Широко, могуче раскинув руки, Старый Сантос лежал ничком на тахте. В последнее время он старался не думать о жене и сынишке — страшно, нестерпимо стыла истерзанная душа. А при мысли о высоком лощеном каморце обжигало лютое пламя ненависти; лицо погубителя маячило перед глазами — с его лживой улыбкой, притворным состраданием, и Старый Сантос неистово мучил его, казнил, придумывая все новые пытки, пока не изнемогал от мести, и снова всплывали перед глазами лица несчастных жены и сына; из сырой земли, из-под холмиков неподалеку, исходила боль, от которой стыла душа, и он снова кидался в испепелявшее пламя мести — стискивал пальцами брошенную рядом с тахтой колоду «Масимо» и душил — темную глубокую окружность выдавили на казнимой колоде железные пальцы, а каморец, ошалев от ужаса, посинев, выкатив глаза, обезумев, молил взглядом: «Не надо, не надо!» — но Сантос, полыхая жаждой мести, безжалостно ласково шептал: «Надо, Масимо, надо!» — а потом разжигал мысленно сырые дрова, хватал Масимо за шиворот и тащил на кровлю, утыкал его носом в дымоход, с силой пригибал, чтоб задохнулся ненавистный от чада и горького дыма, чтоб давился от кашля, размазывая по лицу слезы и сажу, а Сантос время от времени ослаблял пальцы, и беззвучно вопившая жертва молила глазами, источавшими слезы: «Не надо, не надо!» — но Старый Сантос все настойчиво шептал: «Надо, Масимо, надо!» — снова и снова совал его голову в сумрачный дымоход, а в это самое время в Каморе нашего Масимо огорчало одно лишь — бреясь, слегка царапнул холеную щеку и озабоченно рассматривал в зеркале пустяковую ранку, прикладывая ватку с волшебно целебной мазью, и нежно поглаживал другую щеку — ну как осудить его! — любил себя очень. Но не дали ему залечить царапинку — не везет так не везет! — срочно вызвали к генералу Рамосу в связи с чрезвычайным событием. В приемной командующего истребительным войском он часов пять проторчал вместе с другими заслуженными карателями, однако генерал-добряк неповинен был в этом, он и сам вместе с другими генералами нервно вышагивал по роскошной приемной полковника Сезара Федерико — то плечом к плечу с ними, то навстречу им; а сам полковник в почтительнейшей позе стоял перед грандиссимохалле в его роскошнейшем кабинете, взволнованно ожидая вместе с жавшимся в углу капралом Элиодоро бесценных слов маршала.
— Ты не получал никаких известий, мой полковник? — спросил наконец маршал Бетанкур, бледен был очень.
— Когда, гранд...
Но маршал оборвал:
— И ты не получал, мой капрал?
— Нет, грандиссимохалле.
Посреди кабинета стоял длинный сундук. Бетанкур пальцем поманил Элиодоро.
— Лезь, мой капрал. Как постучу по крышке, приоткрой и слушай меня. Живо!

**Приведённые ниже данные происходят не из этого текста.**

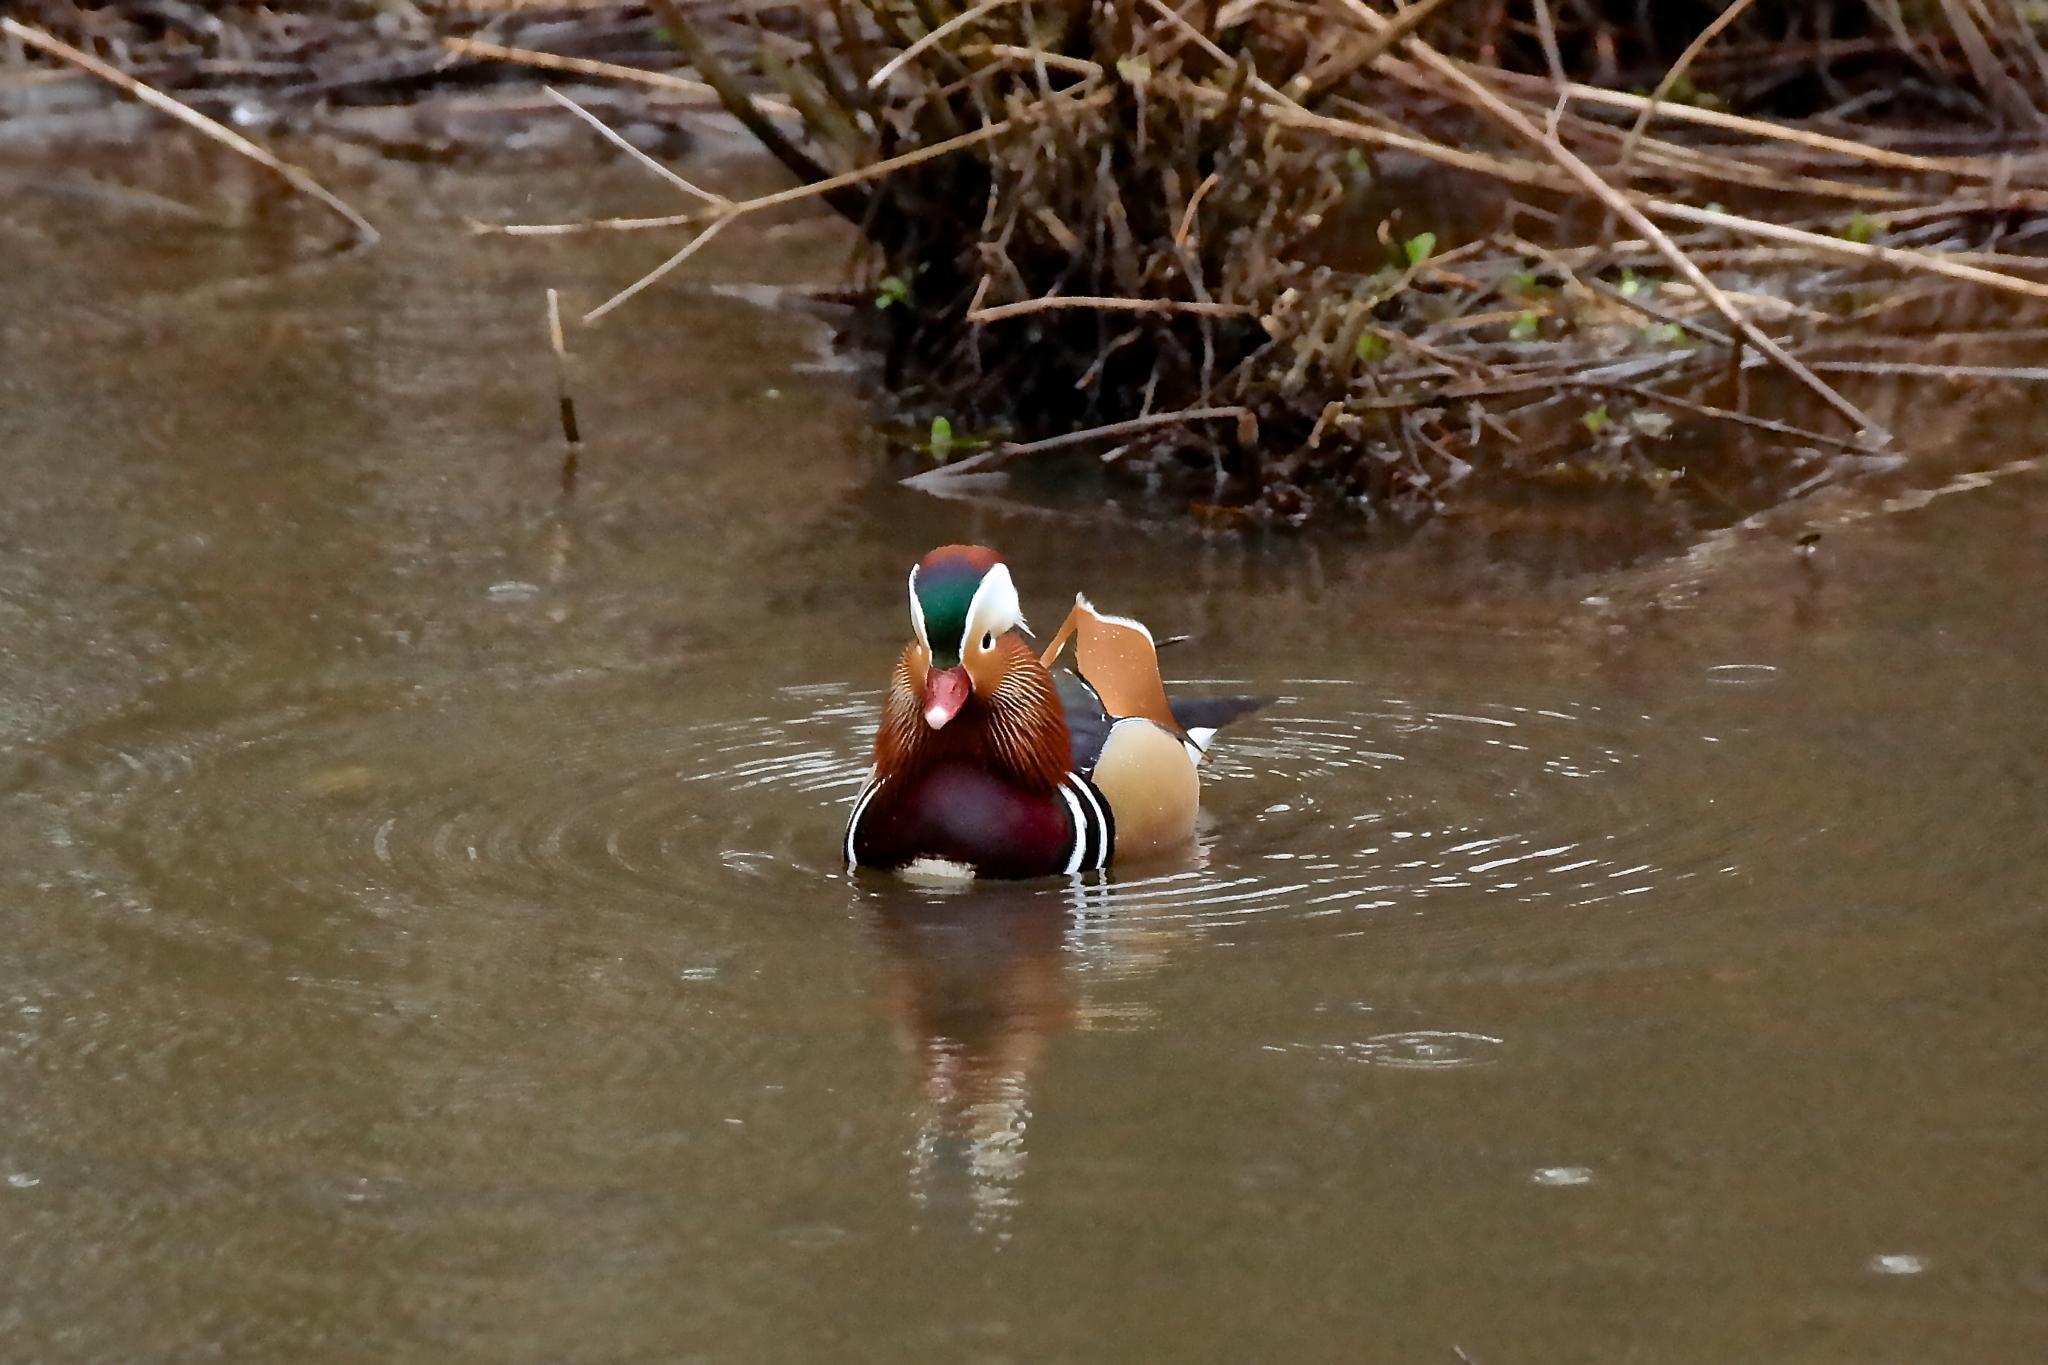 mandarin duck by leigh.hudson.779

— Слушаюсь, мигом, грандис...
— Лезь, болван, лезь...
Когда крышка опустилась, маршал прошелся и, передернувшись, искоса глянул на полковника Сезара. Вздрогнул и полковник.
— Перебита бригада. Вся.
— Какая бригада... гран...
— Шурина твоего, Наволе.
Полковник, такой речистый всегда, лишился дара речи, сковали два нежданных факта: «Истребили бригаду!», «Знает, знает о Сузи!» — и глупо ляпнул:
— А вам доподлинно известно, грандиссимохалле?
И хотя тут же прикусил язык и поджался весь, Эдмондо Бетанкур насмешливо уточнил:
— Что? О тебе и Сузи, полковник?
Сезар опустил голову, промямлил:
— О бригаде, грандис...
— Да.
Великий маршал подошел к шторе, через щелку-глазок оглядел двор вдоль и поперек. Медленно отвернулся от окна.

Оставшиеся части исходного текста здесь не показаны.